Exercise aim =
Every picture stays out; everything else in the listing below is to be returned exactly.

== Given data ==

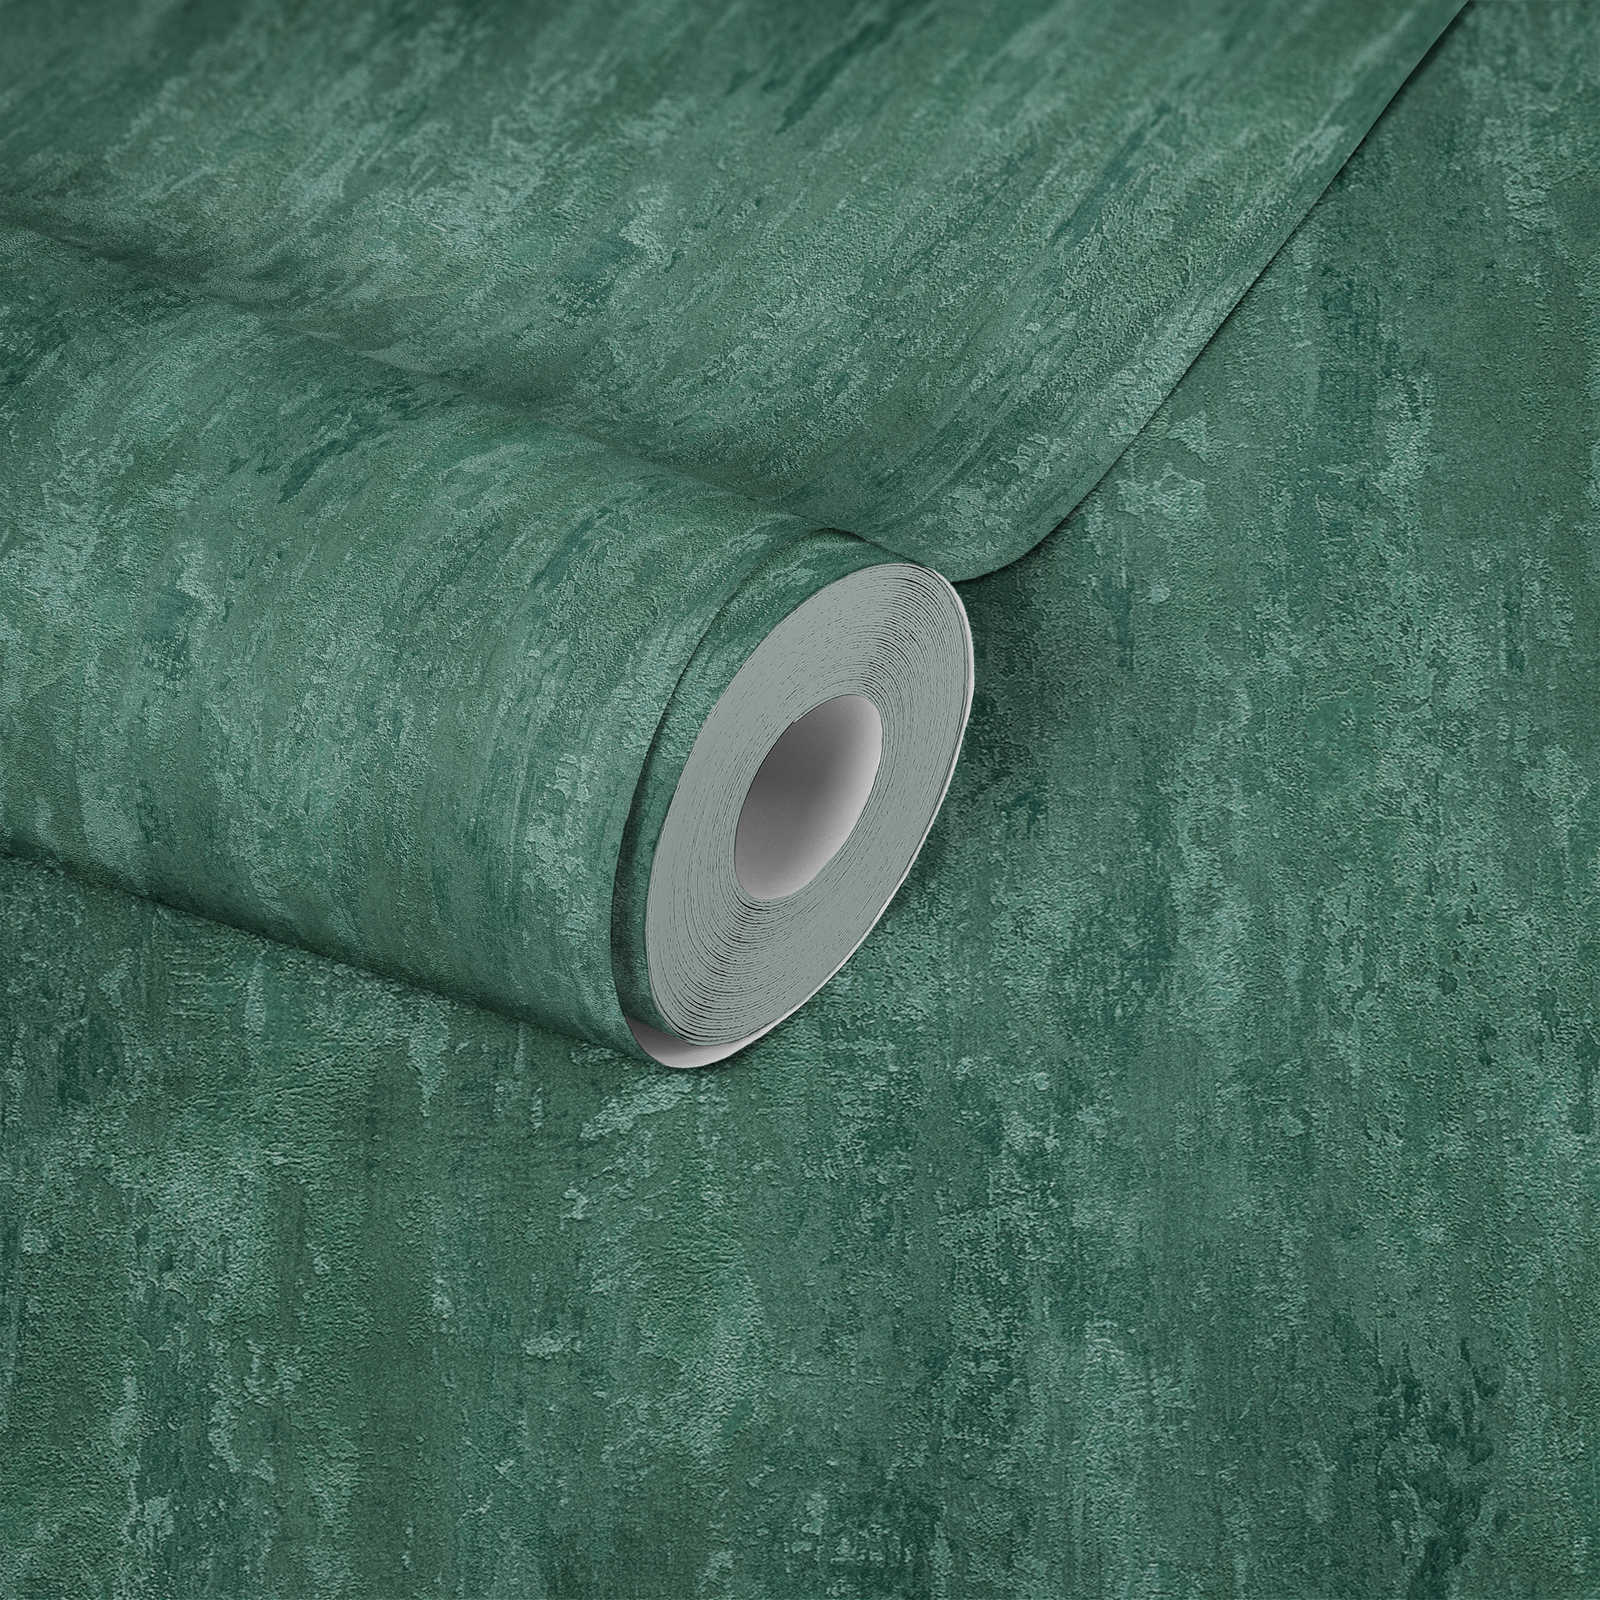             behangpapier industriële stijl met textuureffect - groen, metallic
        
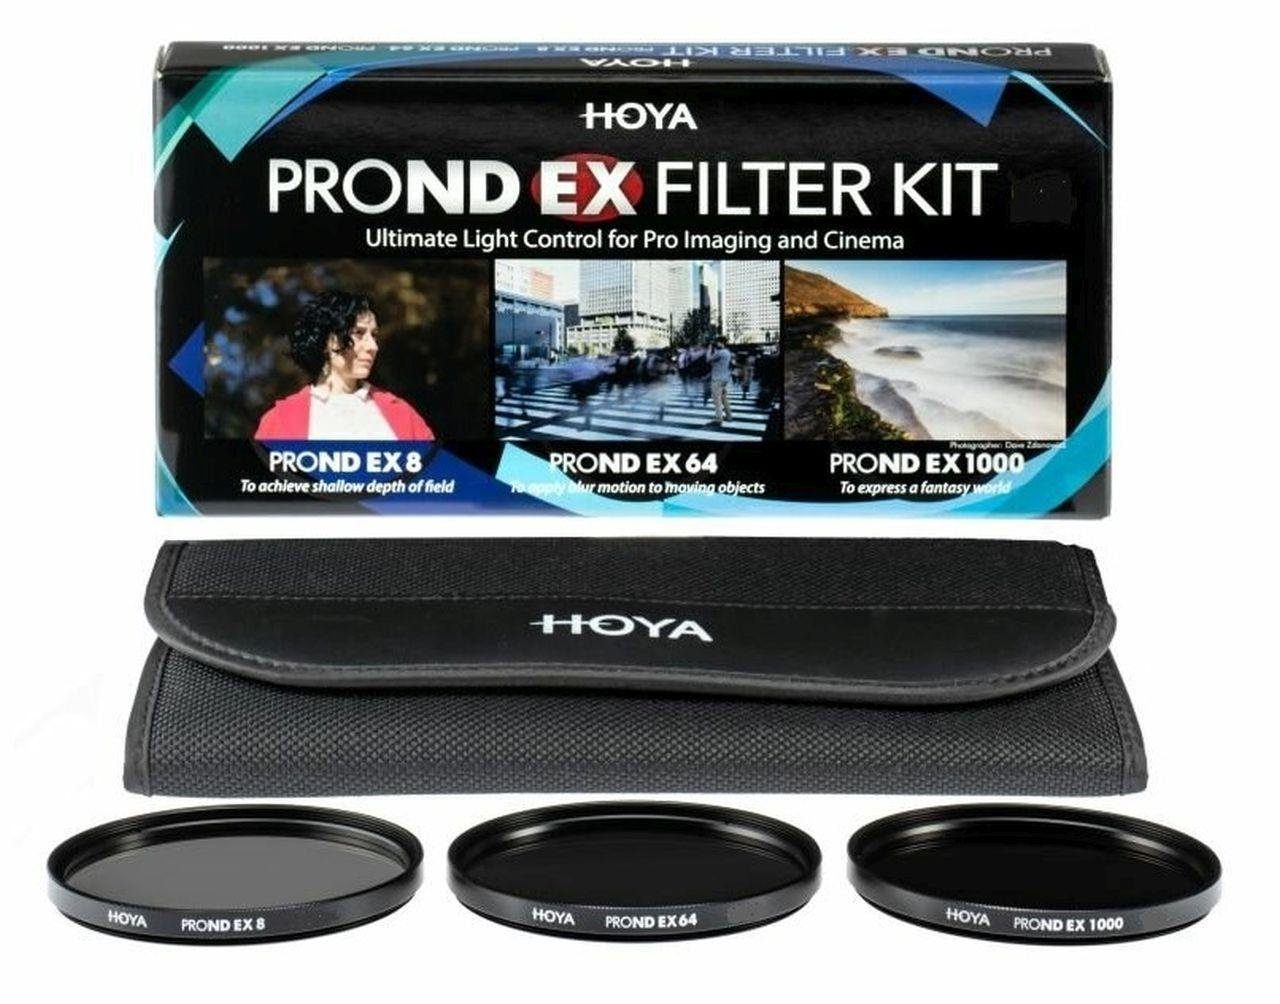 Hoya PROND EX ND Filter Set 8/64/1000 67mm Objektivzubehör
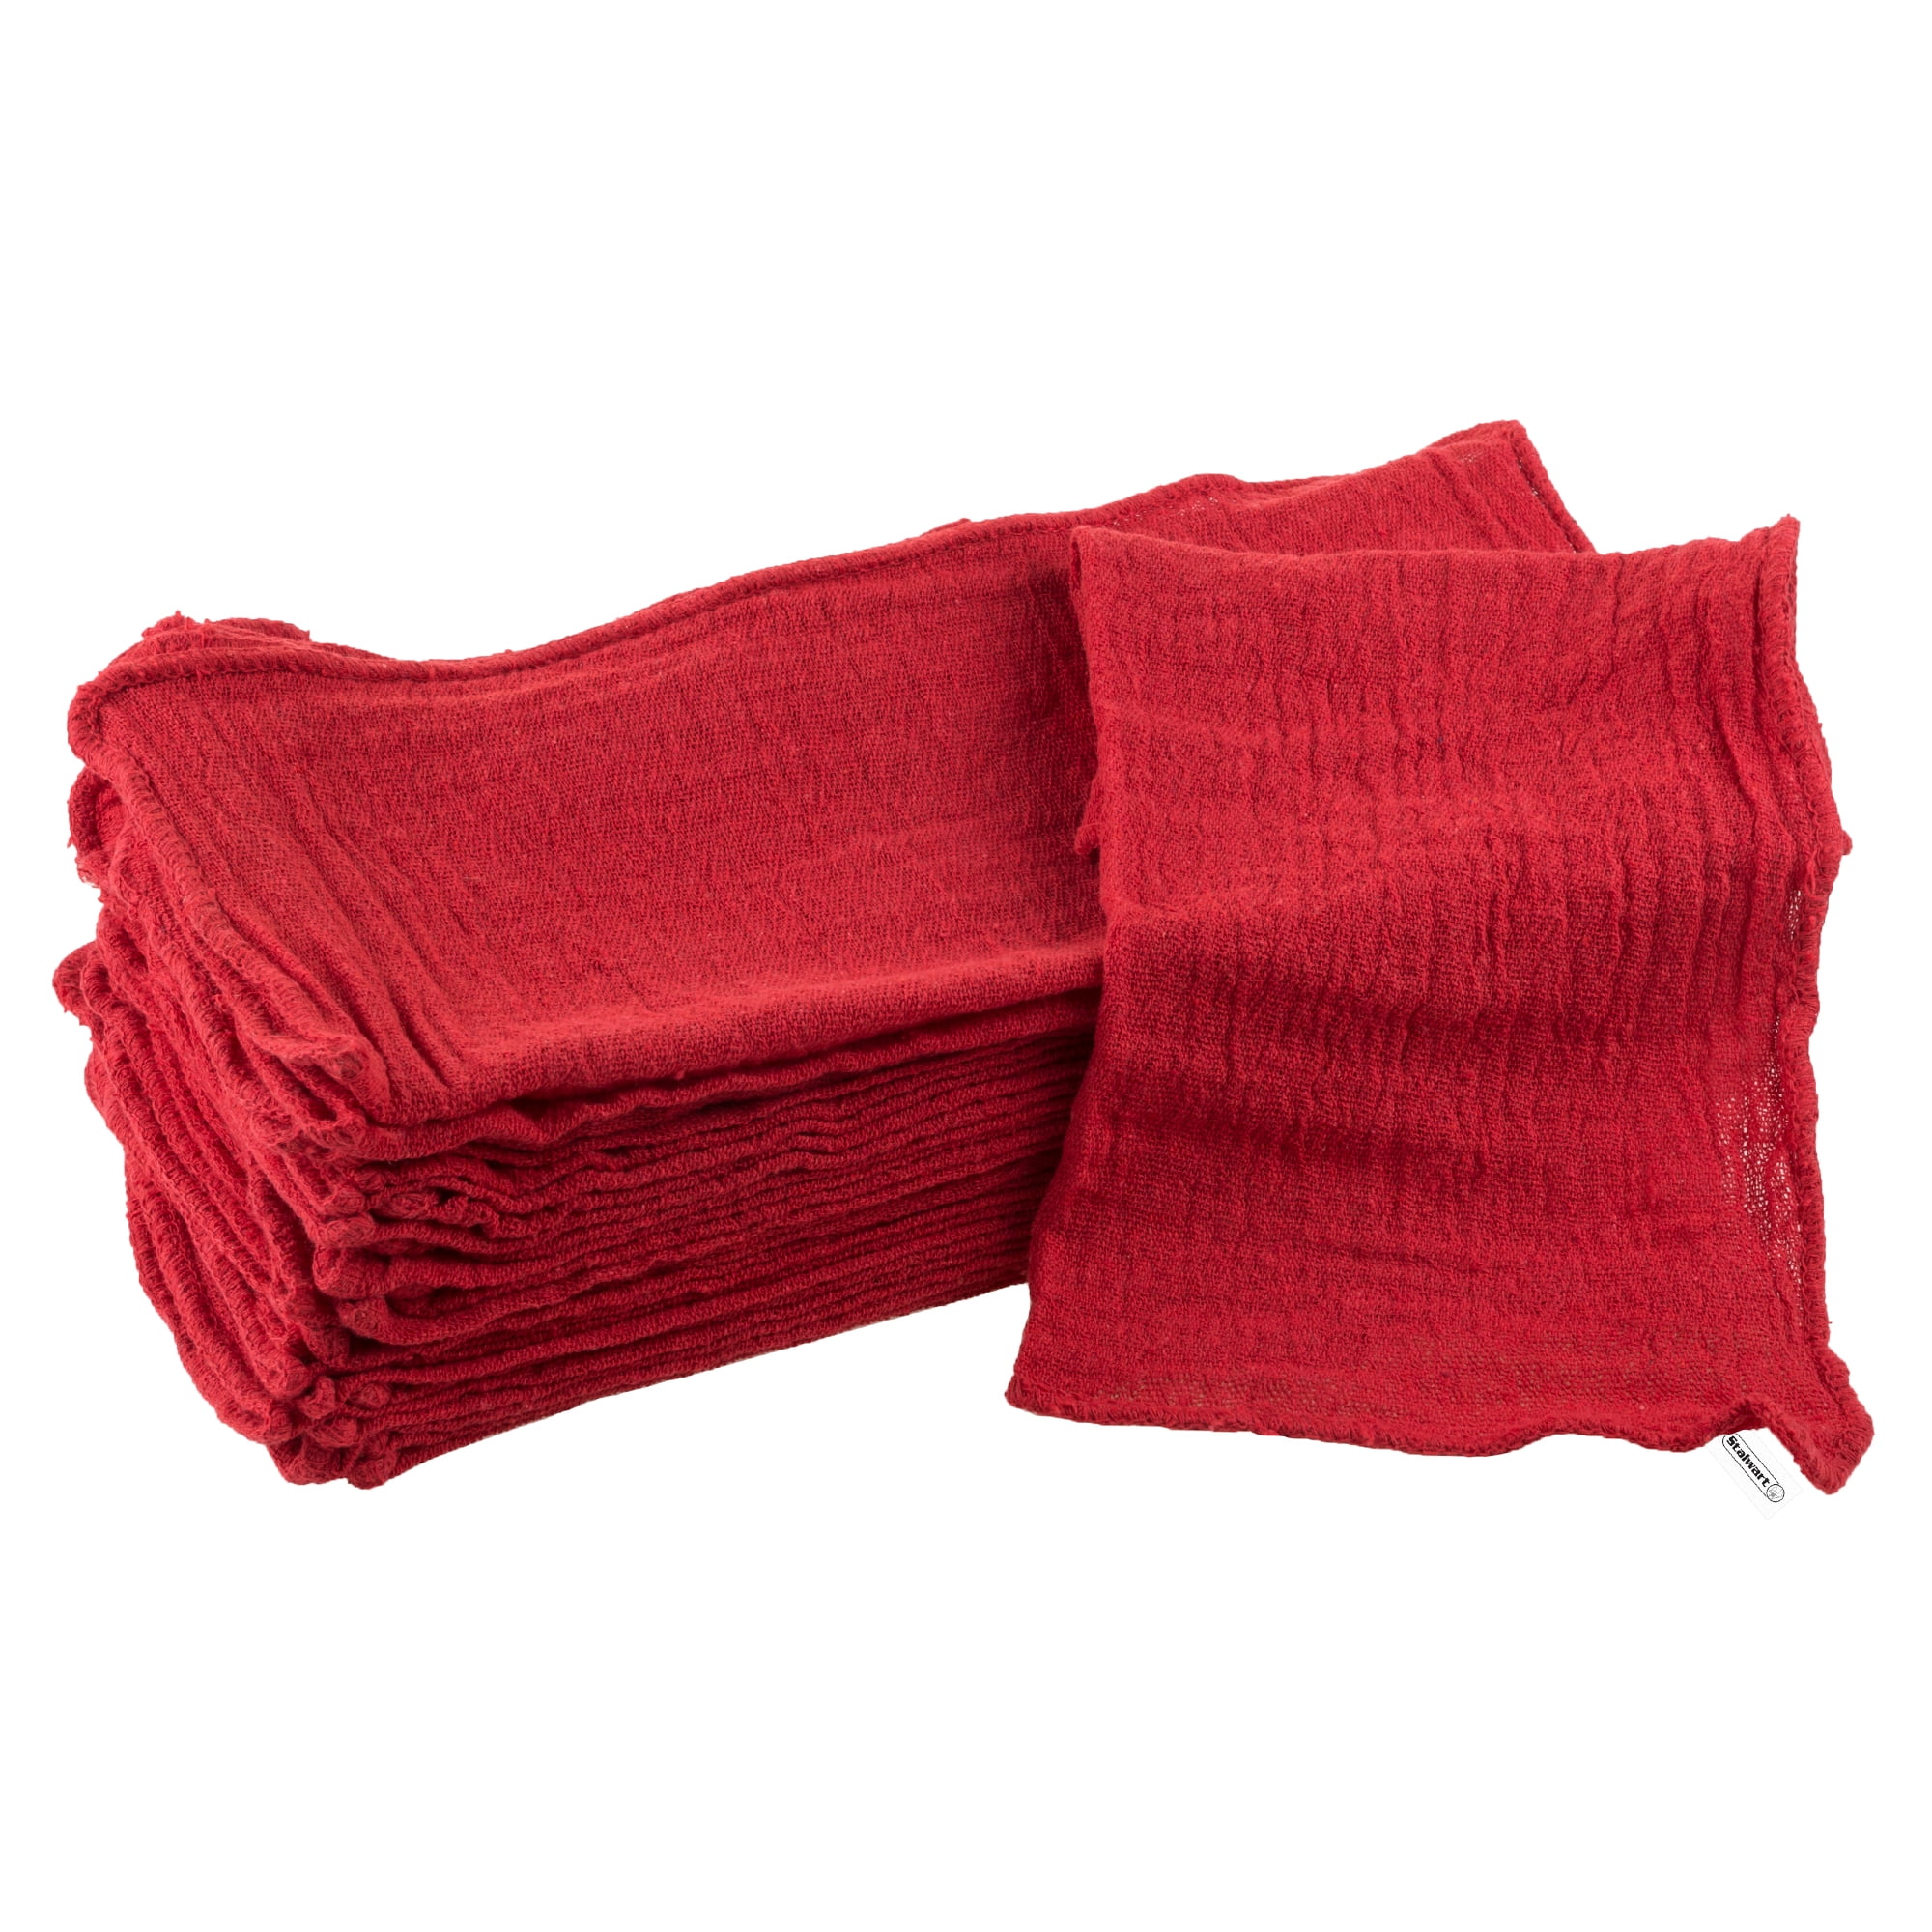 Microfiber Car Wash Towels - Red – Beautiful Rags

===

Result of the task =
             behangpapier industriële stijl met textuureffect - groen, metallic
        
 Hoya PROND EX ND Filter Set 8/64/1000 67mm Objektivzubehör
 Microfiber Car Wash Towels - Red – Beautiful Rags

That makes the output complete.